Il faut par ailleurs poursuivre les actions mises en oeuvre pour minimiser les conséquences des accidents, en particulier à travers les mesures destinées à aider les communes et les ménages.
Nous proposons que les plans communaux de sauvegarde (PCS) soient élaborés au niveau intercommunal dans les territoires peu denses ou lorsque l'existence d'un risque majeur commun le justifie. L'État pourrait également apporter son expertise technique aux communes pour les élaborer.
En matière de travaux, il faut proroger le crédit d'impôt en faveur des ménages qui réalisent des aménagements en lien avec un PPRT, mais aussi instituer un mécanisme d'avance aux particuliers, dont beaucoup ne paient pas d'impôt sur le revenu.
Tous ces éléments contribueront à diminuer la fréquence des accidents et les dommages causés. Mais cette politique de prévention ne peut pas grand-chose sans une véritable volonté de prévision. À ce titre, il est fondamental de créer une culture du risque industriel dans notre pays.
Je n'aurais certainement pas présenté les choses de la même manière voilà quelques semaines. J'aurais sans doute insisté sur le risque terroriste et les politiques mises en place depuis plusieurs années autour de cette question, comme les séances de mise à l'abri pratiquées dans les établissements scolaires. Mais, au cours des dernières semaines, nous avons appris à vivre avec une autre sorte de menace, un risque sanitaire majeur, et à y faire face de manière individuelle et collective. Toutes proportions gardées, nous ne sommes pas éloignés de notre sujet ; nous avons ainsi dû, avec Mme Bonfanti-Dossat, revoir notre copie sur le confinement, la loi d'urgence sanitaire ayant conduit à l'inscription dans le code de la santé publique de dispositions précises, assorties d'un régime de sanctions. La comparaison s'arrête là, mais, clairement, une culture du risque, cela s'apprend.
Nous proposons donc d'inscrire la formation aux risques industriels dans le code de l'éducation.
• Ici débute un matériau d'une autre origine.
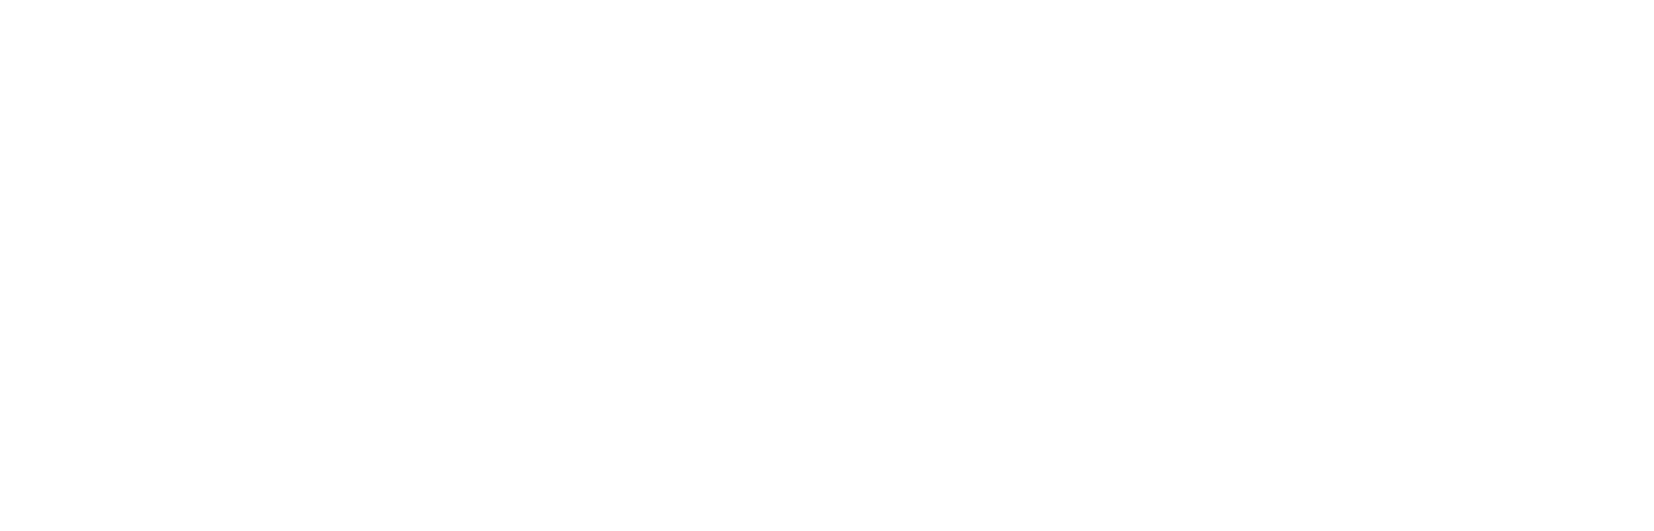 University of Algarve - Portugal

Un enseignement dédié à la sécurité y figure déjà, qui pourrait servir de modèle.
De même, il faut organiser régulièrement et inopinément des exercices grandeur nature, associant la population. Les enquêtes de terrain confirment les retours des élus rencontrés : il faut mettre des outils pédagogiques à la disposition de la population et vérifier régulièrement l'assimilation des conduites à adopter. La recette est connue : c'est la « journée à la japonaise », relevant de la même philosophie qu'une de nos recommandations adressées aux industriels, celle qui consiste à organiser des exercices hors heures ouvrées, quand les personnels sur site sont moins nombreux.
Corollaire de cette politique d'appropriation du risque industriel, il faut réformer nos mécanismes de concertation et d'information du public. Nous avançons ainsi dans le rapport des propositions pour renforcer le dynamisme des structures existantes, souvent méconnues.